• _Exercise_:
Output the listing below verbatim, but drop the images.

• _Provided material_:
....................
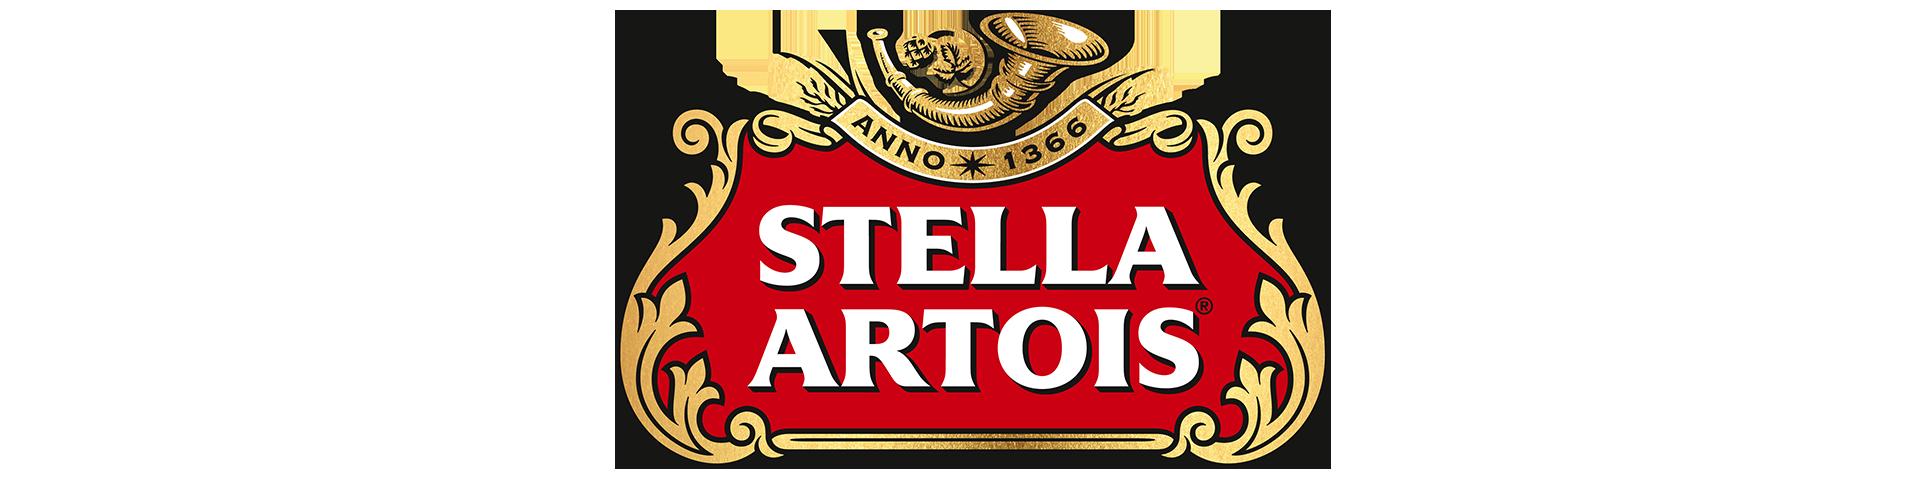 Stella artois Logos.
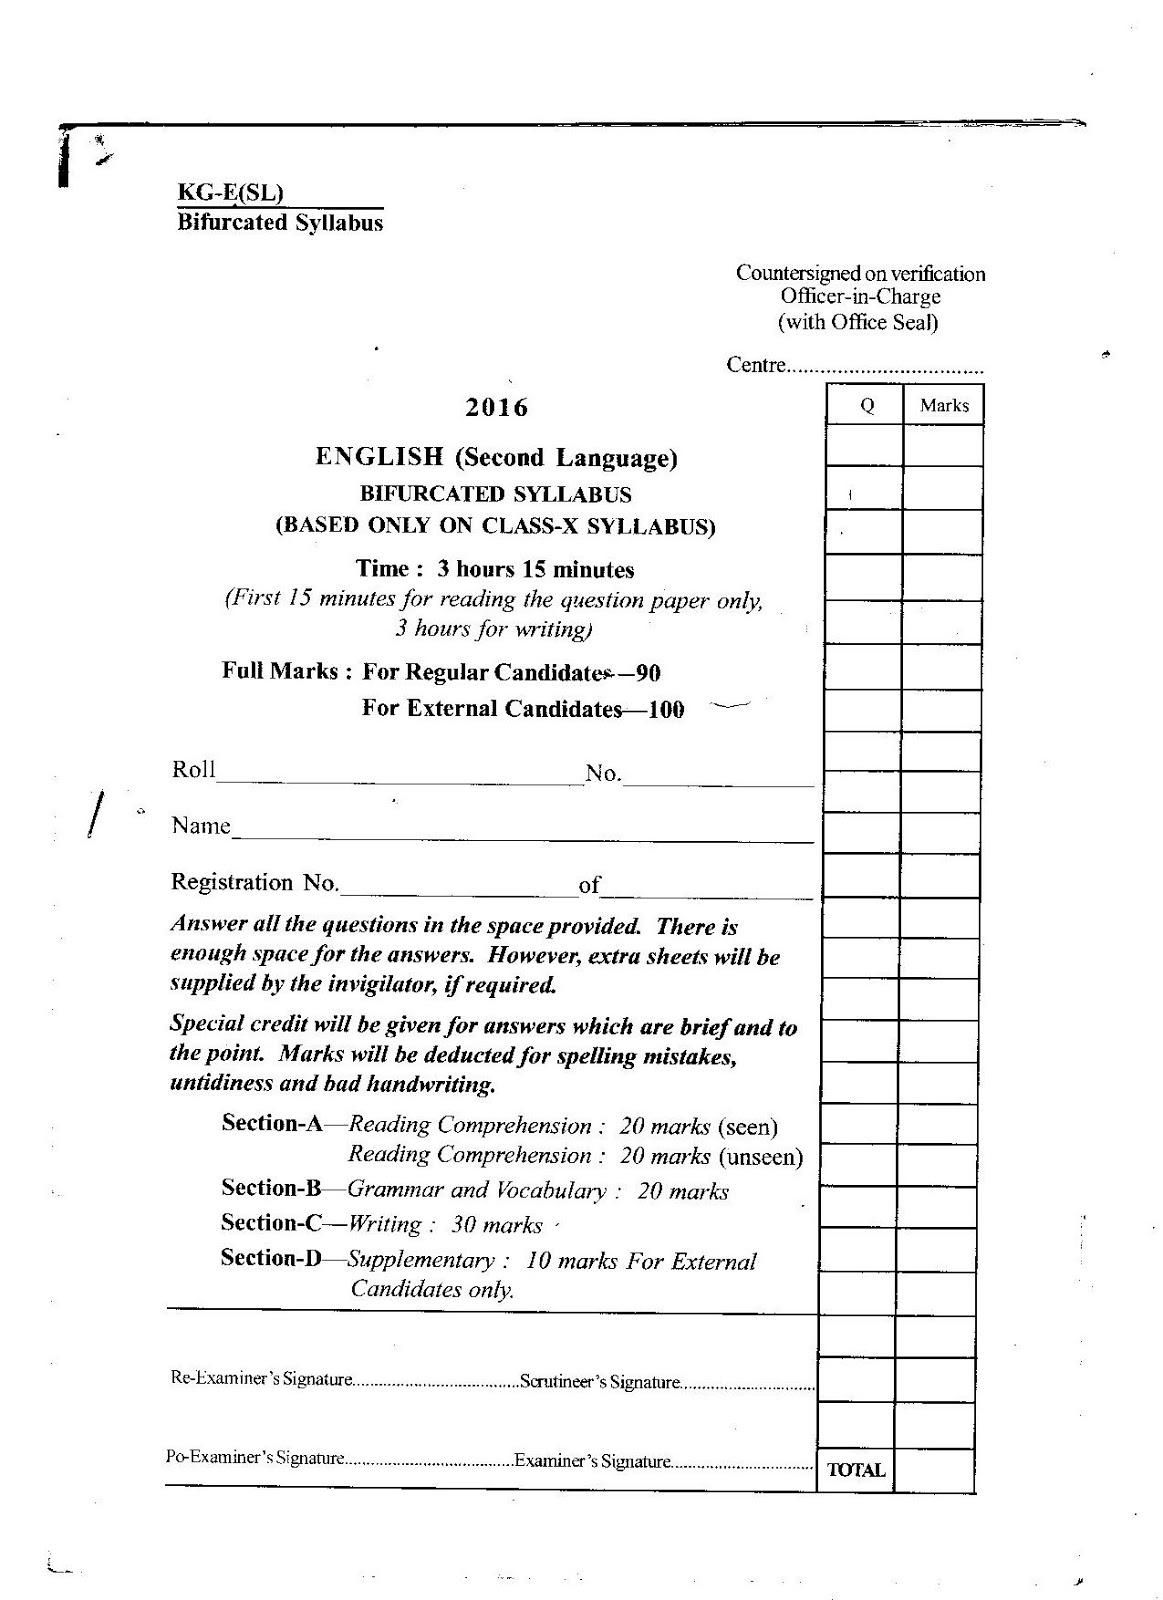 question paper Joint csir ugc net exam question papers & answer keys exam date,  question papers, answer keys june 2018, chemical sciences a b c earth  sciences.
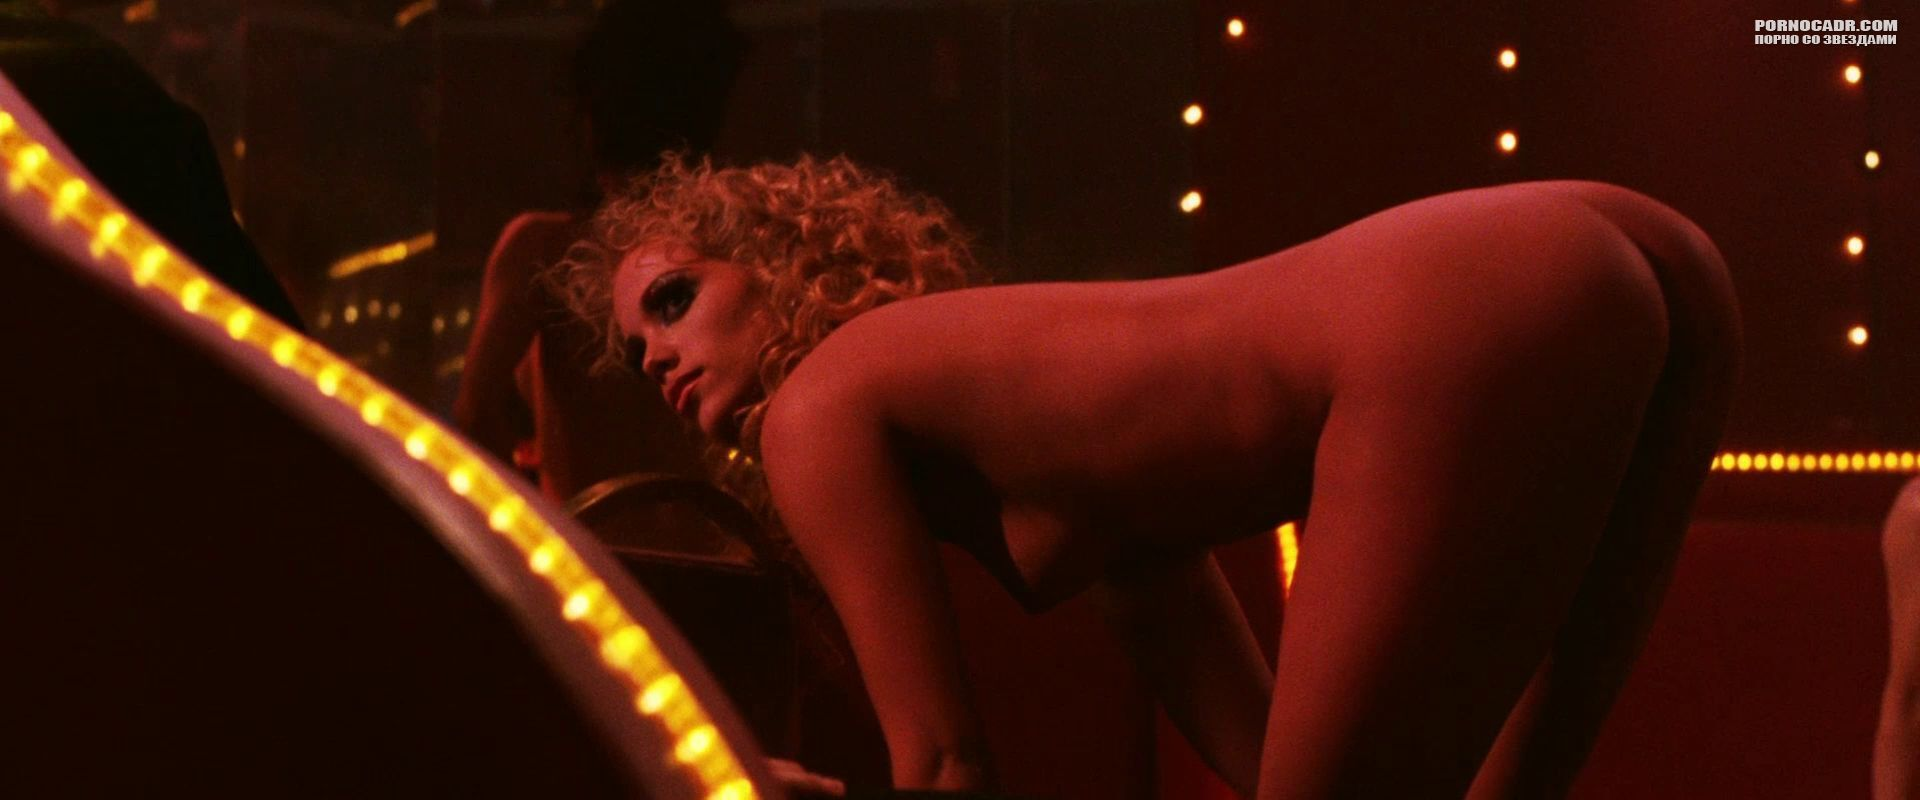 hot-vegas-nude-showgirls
....................
• _Solution for this exercise_:
 Stella artois Logos.
 question paper Joint csir ugc net exam question papers & answer keys exam date,  question papers, answer keys june 2018, chemical sciences a b c earth  sciences.
 hot-vegas-nude-showgirls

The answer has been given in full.